Minnesota incappa, al contrario, in un passo falso ai limiti dell’inspiegabile. Dopo l’ottima prova a Seattle e quella vittoria sfumata/buttata i Vikings si ritrovano in un incubo. Imbarazzante Cousins, che in una squadra con un backup normale sarebbe stato panchinato all’intervallo. Ma i Vikings sulla sideline hanno quello Sean Mannion che serve a sviluppare il playbook e ad aiutare i coach ma che non è presentabile dentro al rettangolo verde. Segnali positivi sono pochini in casa Vikings. Justin Jefferson è il più clamoroso, con più yard ricevute al primo anno dopo sei giornate (537) anche di un tale Randy Moss (527), che però aveva già 6 (sei, avete letto bene) touchdown all’attivo. 

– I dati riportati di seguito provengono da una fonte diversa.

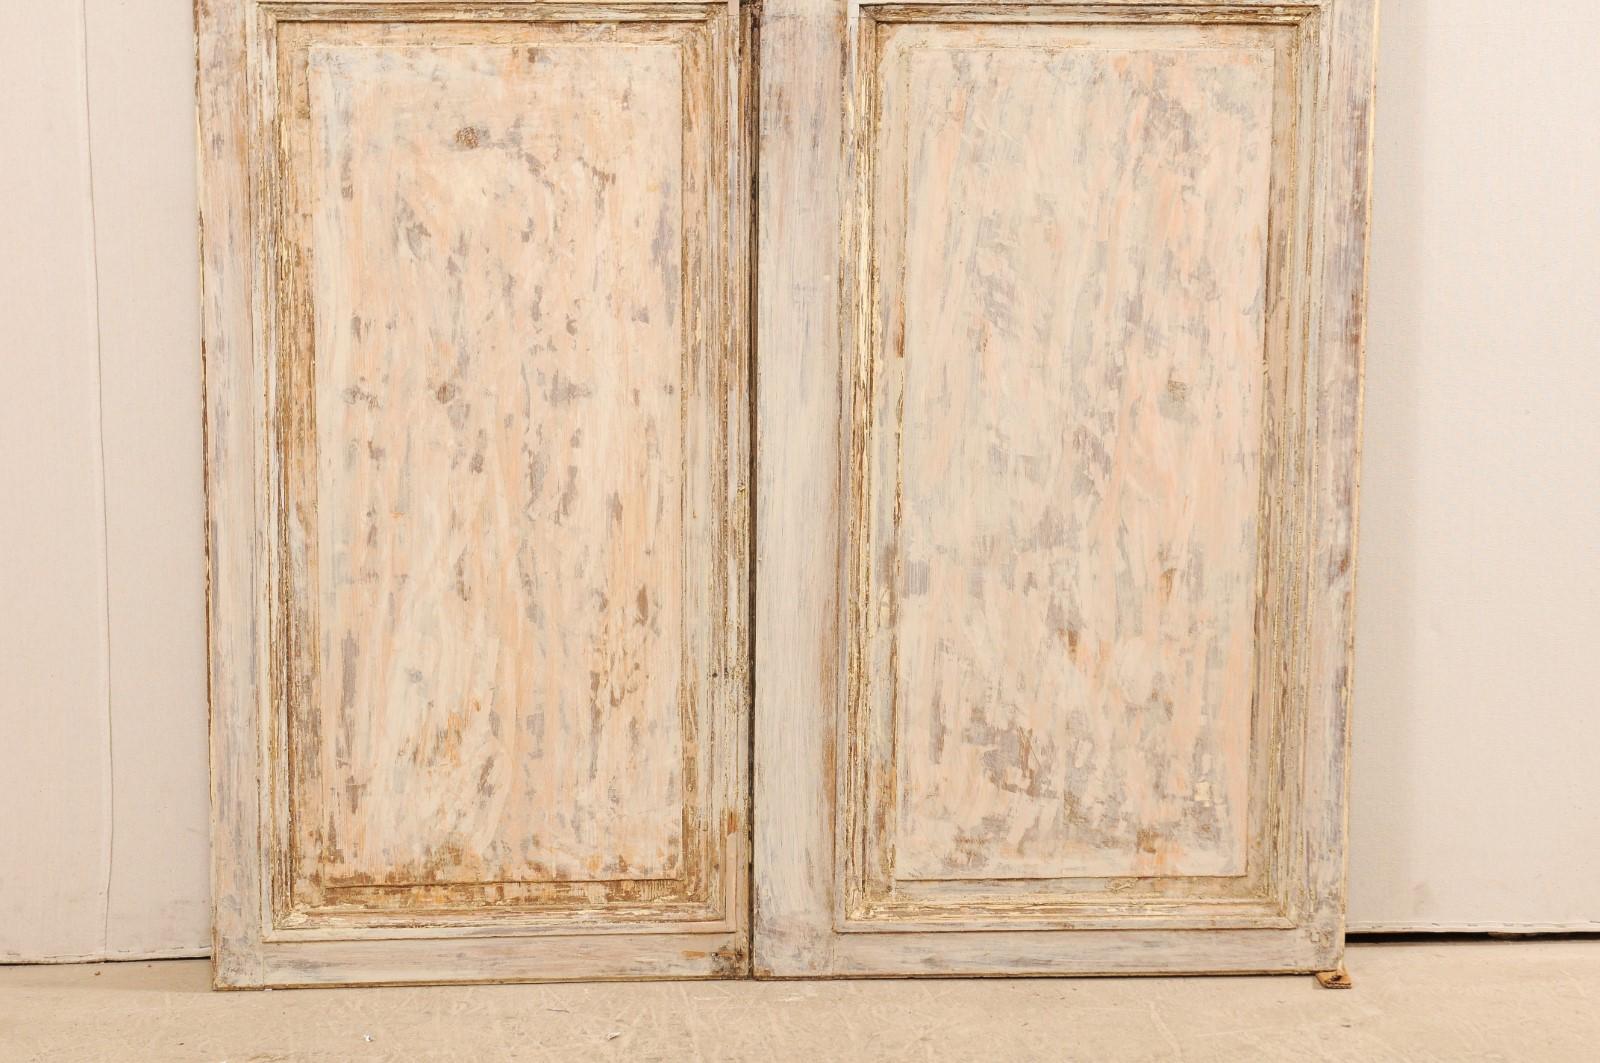 Carved Pair of 19th Century French Painted Wood Doors with Lovely Cream Colored Finish

La stagione per entrambe le squadre sembra irrimediabilmente compromessa, ma se Atlanta ha già imboccato la strada verso il futuro, e anche se non sarà di certo sempre in discesa come allo Us Bank Stadium è comunque un inizio, i Vikings sono ancora alla ricerca del loro destino. L’impressione è che debbano rassegnarsi ed entrare nell’ottica di far giocare più giovani possibile per valutarli e poi al draft pescare il sostituto di Kirk Cousins, che causa contratto resterà anche nel 2021 ma che non può essere considerato il futuro nemmeno a breve termine della franchigia. Può farcela un coach vecchio stampo come Mike Zimmer? Se non è nelle sue corde deve essere la dirigenza a intervenire. Perché in una prova così disastrosa ci sono anche molte colpe del coaching staff. Non è la prima volta che sotto Zimmer i Vikings vanno a sbattere contro un muro dopo una buonissima prestazione. Gli allarmi stanno suonando a tutto spiano nel Minnesota. E devono essere ascoltati.